CROSS-DEPOSITORY TRANSFER (NSDL → CDSL or vice versa): same as same-depository in principle but operationally complex. (1) Source DP initiates inter-depository transfer instruction. (2) Routed through INSTITUTIONAL CLEARING CORPORATION. (3) Destination DP accepts (must support inter-depository transfer; most do). (4) Settlement 3-7 days typical. EXTRA CHARGES: some destination DPs charge inter-depository processing fee ₹50-200. Verify upfront. ALTERNATIVE: sell shares + buy in destination broker (incurs STT + brokerage + breaks holding period — usually inferior). TRANSMISSION ON DEATH process. (1) Death certificate (original) + legal heir certificate / probate / will. (2) Nominee KYC if nominee is designated. (3) IF NOMINEE: direct transfer to nominee's demat — relatively smooth (30-60 days typical). (4) IF NO NOMINEE: legal heir claim process — requires succession certificate + No-Objection from other heirs — 60-180 days. (5) Source DP transfers to legal heir's demat (or new demat opened for purpose). (6) FOR JOINT DEMAT: surviving holder retains ownership; only deceased's share transmitted. CRITICAL: nominate clearly + update annually. SEBI mandate Sep 2023: nominee designation mandatory for new demat accounts; existing accounts must designate or freeze (with grace period). RECOMMEND: review nominee + transmission setup every 5 years.
Top institutions + reference metrics
| Institution | Metric | Note |
|---|---|---|
| Source DP (your current broker) | ₹15-30 per scrip debit | Initiates transfer via DIS/DDPI/online instruction; charges debit fee per scrip per transaction. |
| Destination DP (receiving broker) | Usually free | Receives transfer; some charge inter-depository processing fee ₹50-200 if cross-depository. |
| NSDL Speed-e / CDSL Easi | Online DIS portals | E-Sign Aadhaar for online off-market transfer instructions; same-day to 1-day processing. |
| Income Tax Section 56(2)(x) | ₹50K threshold | Gift above ₹50K to non-relative = taxable at slab; relative gifts unlimited tax-free. |
| Income Tax Section 49(1) | Cost basis carry-over | Inherited + relative-gift securities: donor's cost basis + acquisition date preserved. |
Source: SEBI / NSE / BSE / NSDL / CDSL / broker rate cards · FY 25-26
SEBI / NSE / NSDL / CDSL / IT Act notes
- Off-market transfer: governed by Depositories Act 1996 + SEBI Depositories and Participants Regulations.

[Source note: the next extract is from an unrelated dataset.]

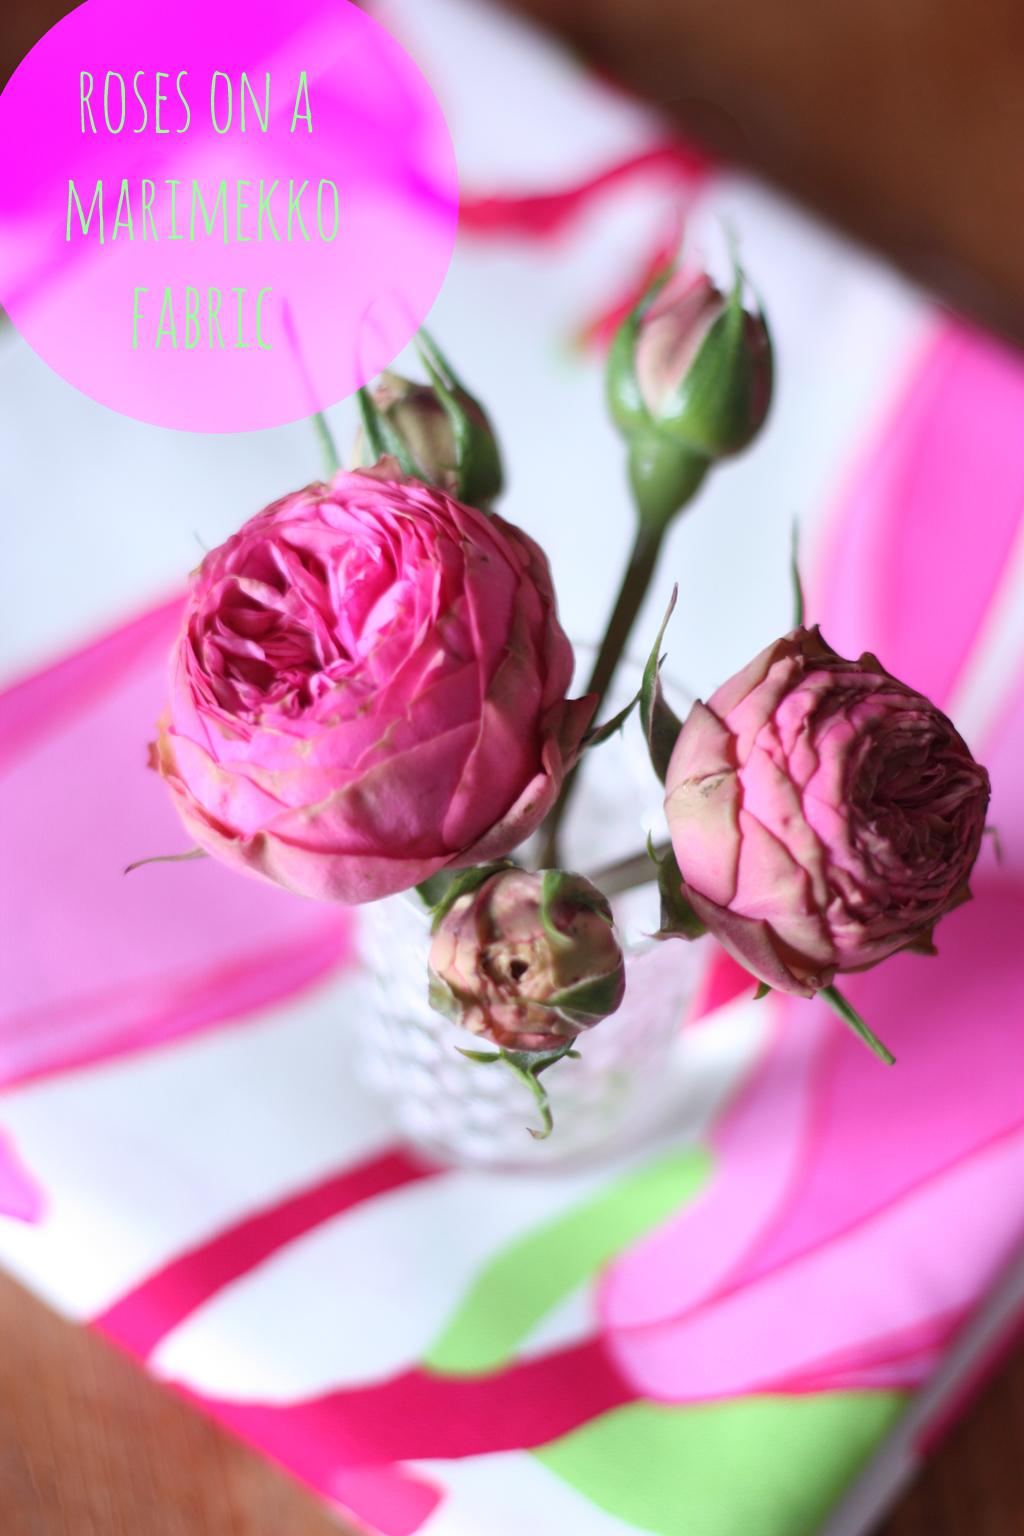 roses on a marimekko fabric

- DIS (Delivery Instruction Slip): traditional authorization for off-market transfers; physical form at source DP.
- DDPI does NOT cover off-market transfers — narrow scope to 4 uses only (sells / pledges / MF / buybacks).

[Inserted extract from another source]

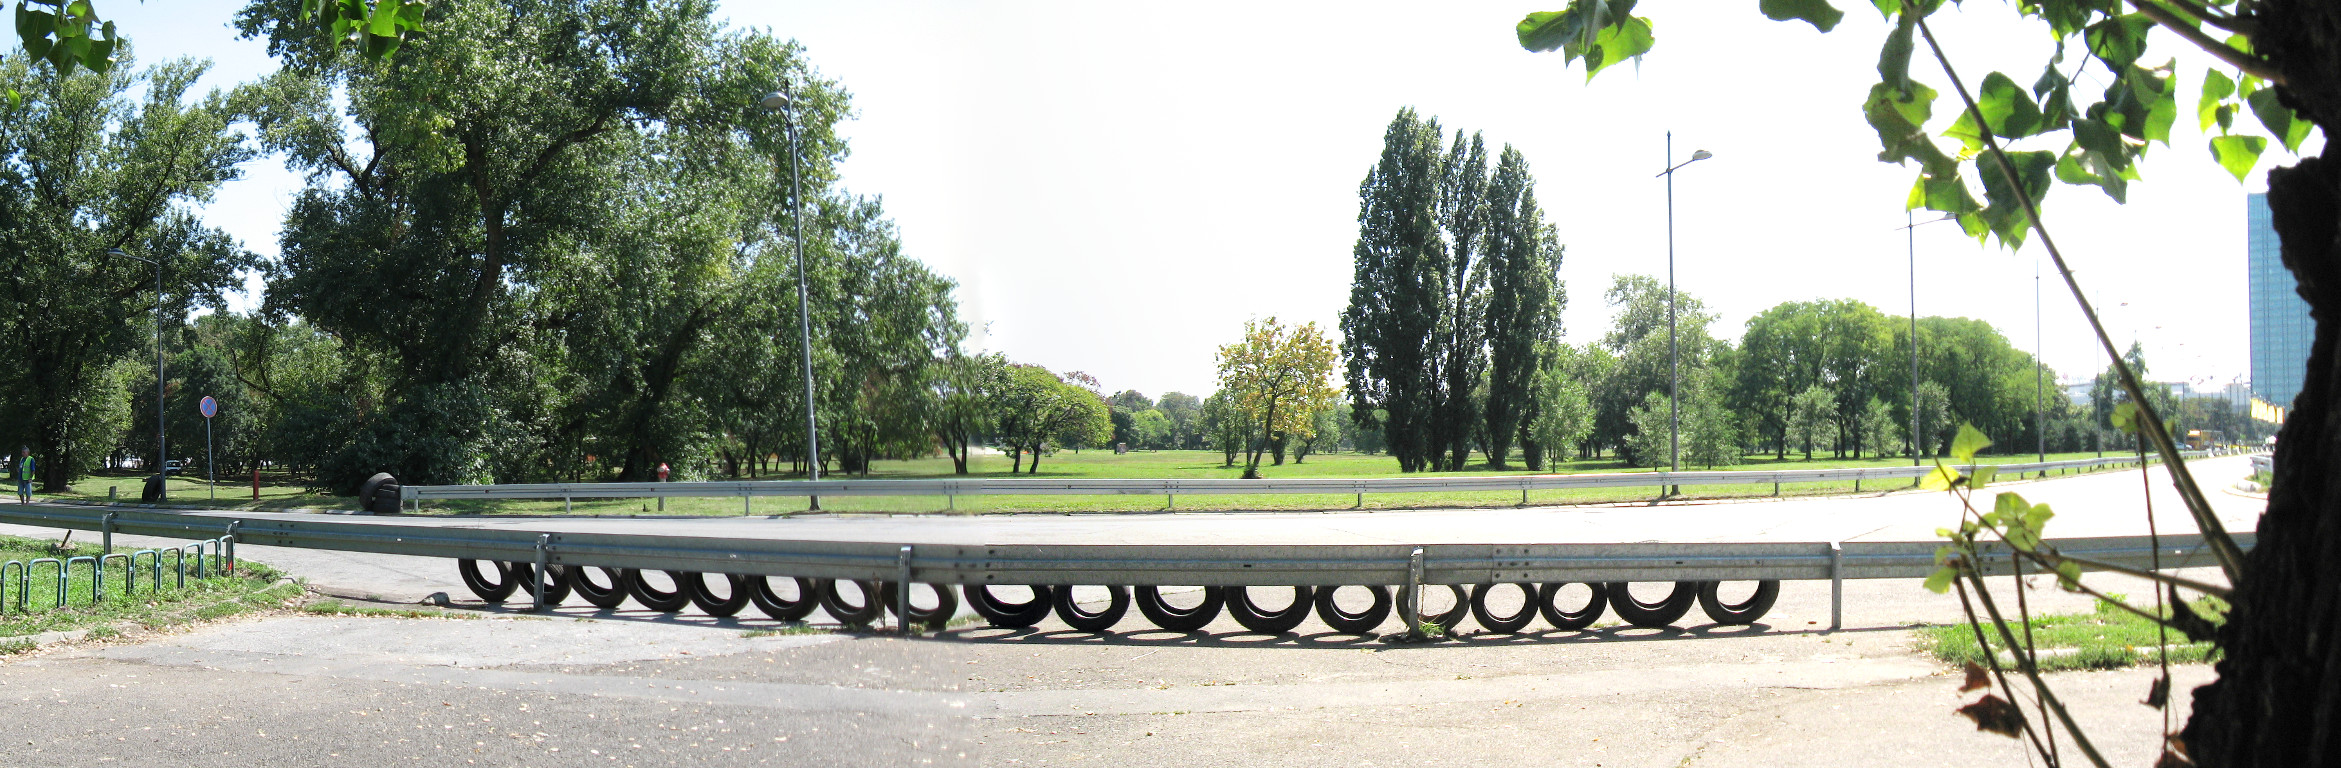 trke panorama

- Section 56(2)(x) IT Act: gifts above ₹50K to non-relatives taxable at slab; relative-gifts unlimited tax-free.
- Section 49(1) IT Act: inherited + relative-gift securities preserve donor's cost basis + acquisition date.
- SEBI Sept 2023 nominee mandate: new demat accounts must designate nominee; existing accounts must comply or face freeze.